Ultra-low temperature spark plasma sintering of super wear-resistant hard B4C composites

The feasibility was investigated of fabricating super wear-resistant hard B4C composites by spark plasma sintering (SPS) at ultra-low temperature (i.e., 1400 degrees C) using very high proportions of MoSi2 aids (i.e., 35-50 vol.%). It is shown that with 40 vol.% MoSi2 aids already sufficient Si transient liquid phase is formed in situ during SPS (by the reaction B4C+2MoSi(2) -> SiC+2MoB(2) + 3Si) to achieve the ultrafast full densification of B4C at 1400 degrees C, the Si melting point, simply by pore filling, particle rearrangement, and liquid spreading. Importantly, it is also shown that the resulting B4C composites are hard (i.e., approximate to 23 GPa) and super wear-resistant (i.e., similar to 10(7) (N.m)/mm(3)), attributes both deriving from the composites' quadruplex-particulate (i.e., B4C plus beta-SiC, beta-MoB2, and MoSi2), fine-grained (i.e., <1 mu m), fully-dense microstructure.

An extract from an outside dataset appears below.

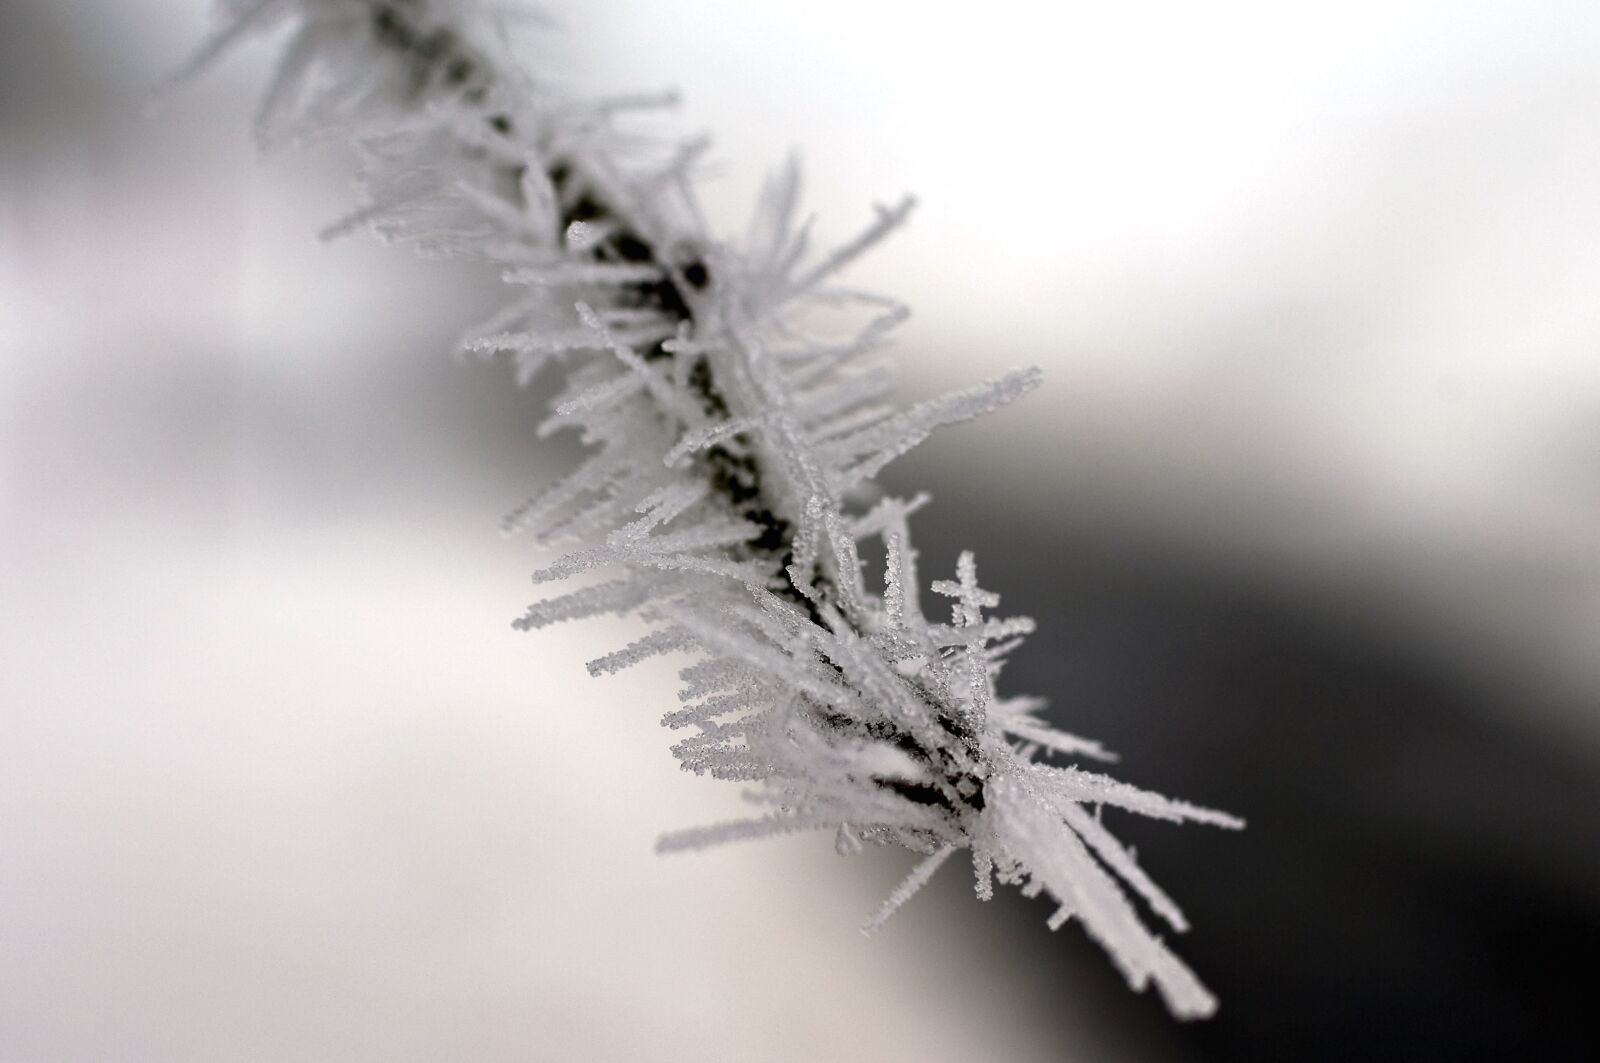 Nikon D2X sample photo. Pine, snow, snowflakes, weather photography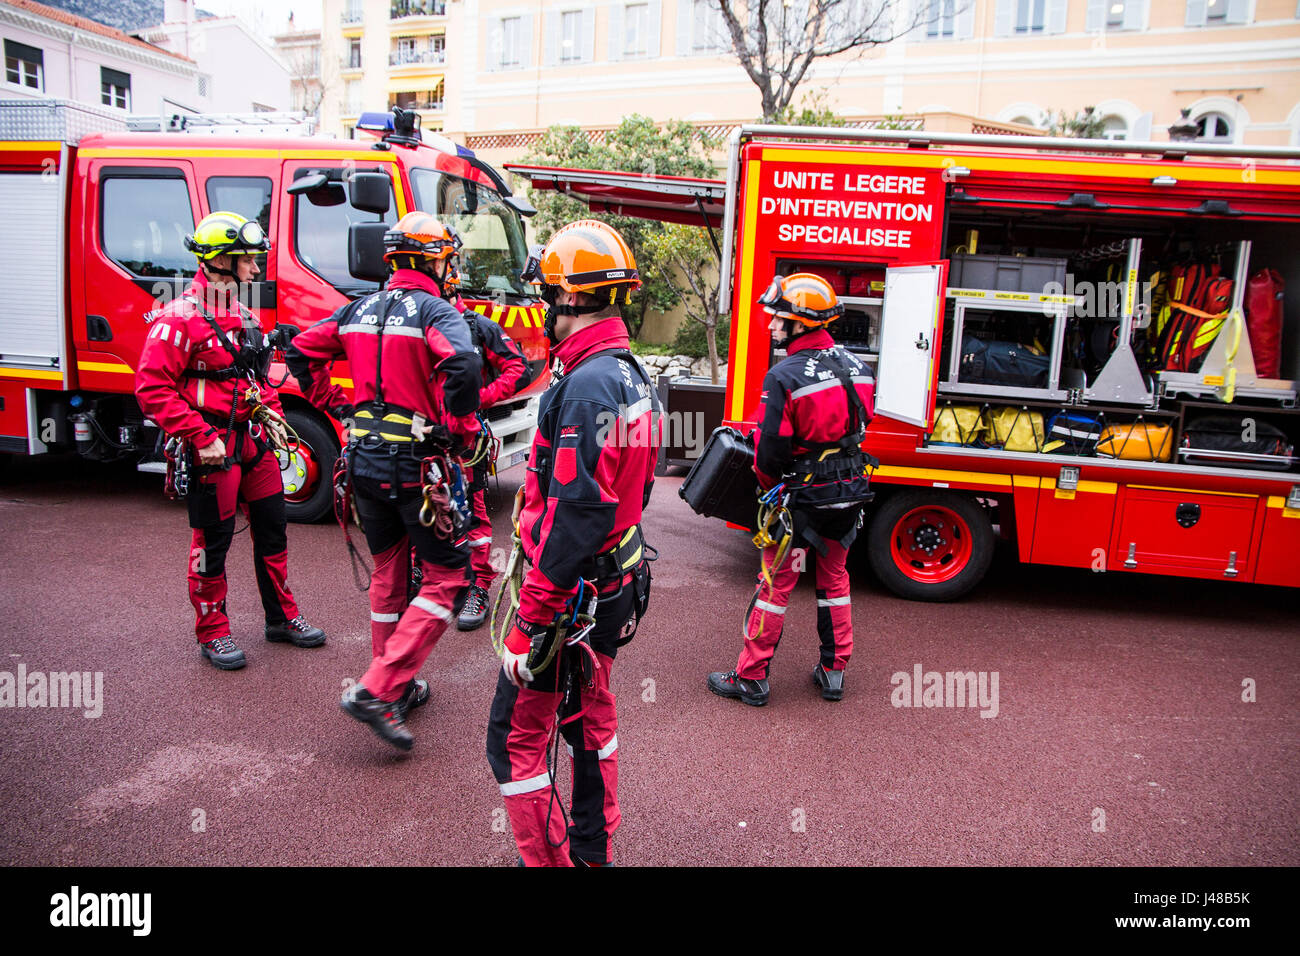 Esta unidad de intervención especializada de la Corps des Sapeurs-Pompiers de Mónaco se prepara para un taladro de rescate en Montecarlo, Mónaco. Foto de stock

Thus, this work opens a new avenue for the present and future lower-cost fabrication of novel B4C composites for use in contact-mechanical and tribological applications. (c) 2022 Acta Materialia Inc. Published by Elsevier Ltd. All rights reserved.

Automated summary

The feasibility of fabricating super wear-resistant hard B4C composites was investigated using spark plasma sintering at an ultra-low temperature with high proportions of MoSi2 aids. The study found that the addition of 40% MoSi2 aids could achieve the ultrafast full densification of B4C at 1400 degrees C, resulting in hard and super wear-resistant composites with a quadruplex-particulate, fine-grained, fully-dense microstructure. This work opens up new possibilities for the low-cost fabrication of novel B4C composites for contact-mechanical and tribological applications.